Central European History Society 10
Session Abstract
The panel sets itself to problematize the apparently limited impact the potential legal liability had on the mid- and lower-rank participants in the Holocaust. In doing so, the panelists intend to move beyond the macrohistorical examination of the strategies employed by the genocidal regimes in striving to attain the “Final Solution.” The panelists propose to examine legal consciousness of mid - and lower-level perpetrators who were citizens of the Axis powers. By relying on such sources as post-war investigative and trials files of perpetrators, their diaries and interviews, the presenters will examine whether and to what extent they were aware of the criminality of their actions and reflected in real time on their potential punishability. The panelists will also explore cultural and psychological contexts that obscured or weakened the impact of such awareness. Besides more usual factors, such stresses of war, ideological fanaticism or personal and institutional loyalties, the impact of various extra-legal “instructions” that might have been perceived as upending the law are of particular interest.

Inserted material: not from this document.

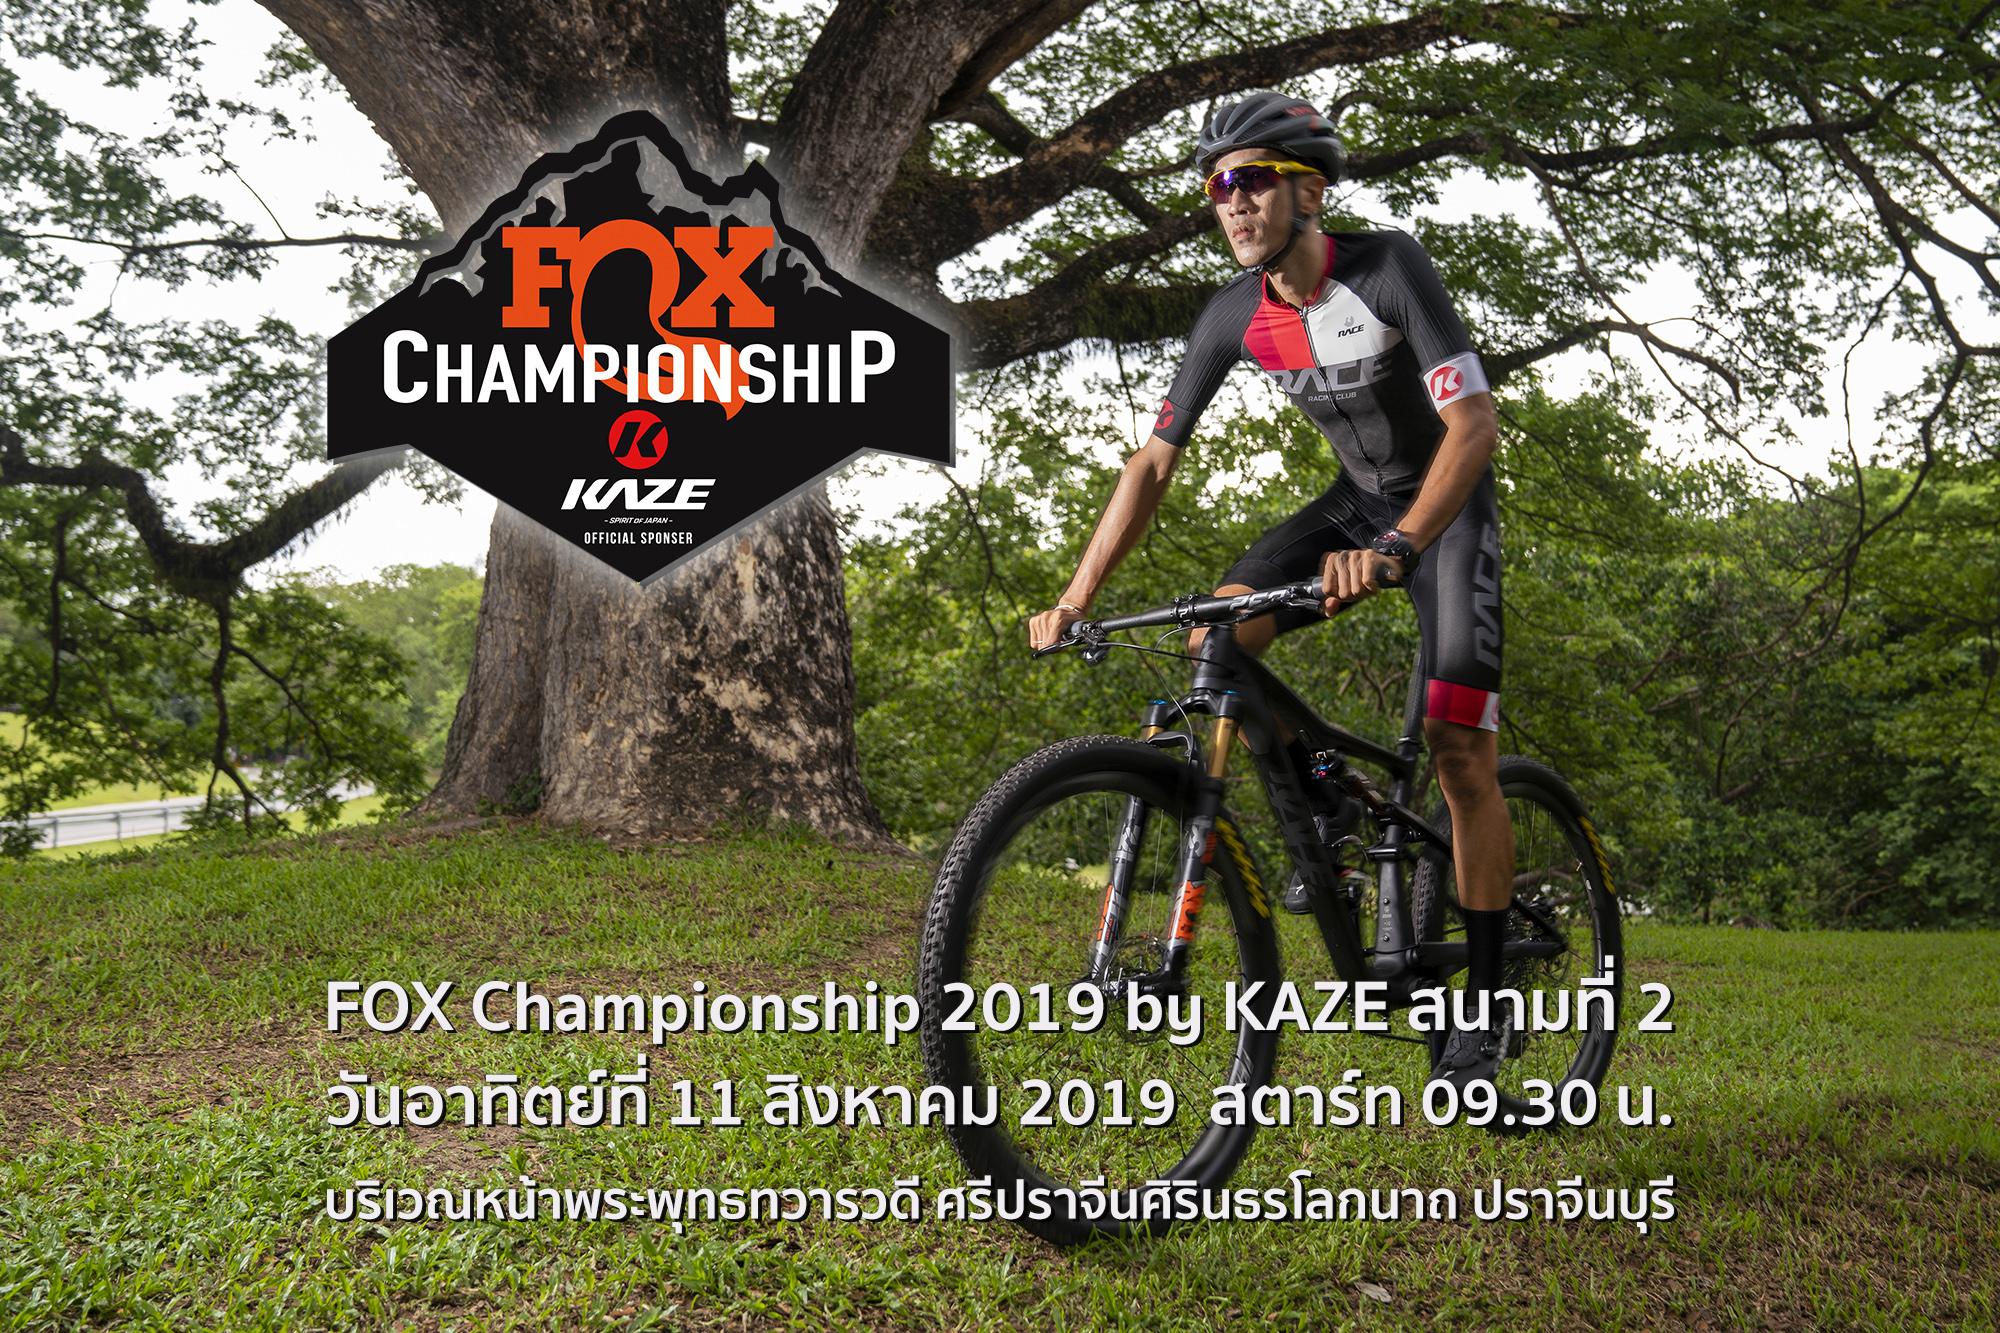 FOX Championship 2019 สนาม #2 by KAZE จ.ปราจีนบุรี
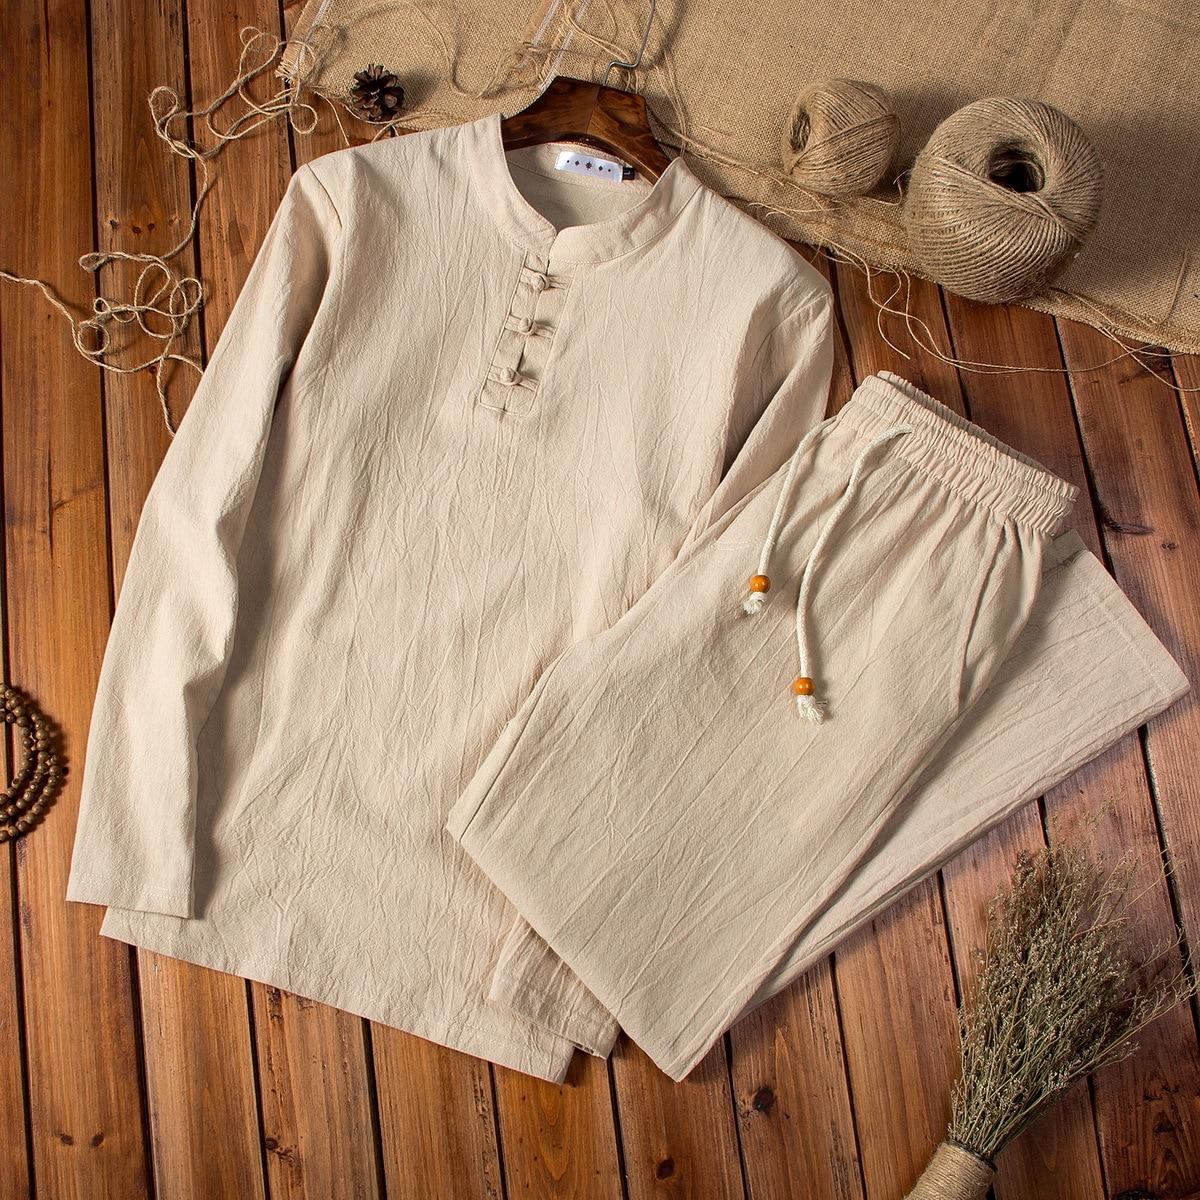 Chinese-style Cotton Linen Spring And Autumn Men Long Sleeve Trousers Set Large Size MEN'S Suit Men's Fashion Two Piece Set

Another area of exploration constitute the role l’ésprit des corps prevalent in various bodies such as the army and police played in conditioning their members to the application of illegal violence. And finally, the preceding history of unpunished lawless violence on the parts of government agents against political enemies as a lesson in sui generis “practical” as opposed to “formal” governance will attract attention. The discussion is likely to proceed along the lines of comparative history of legal cultures and practices of axis power.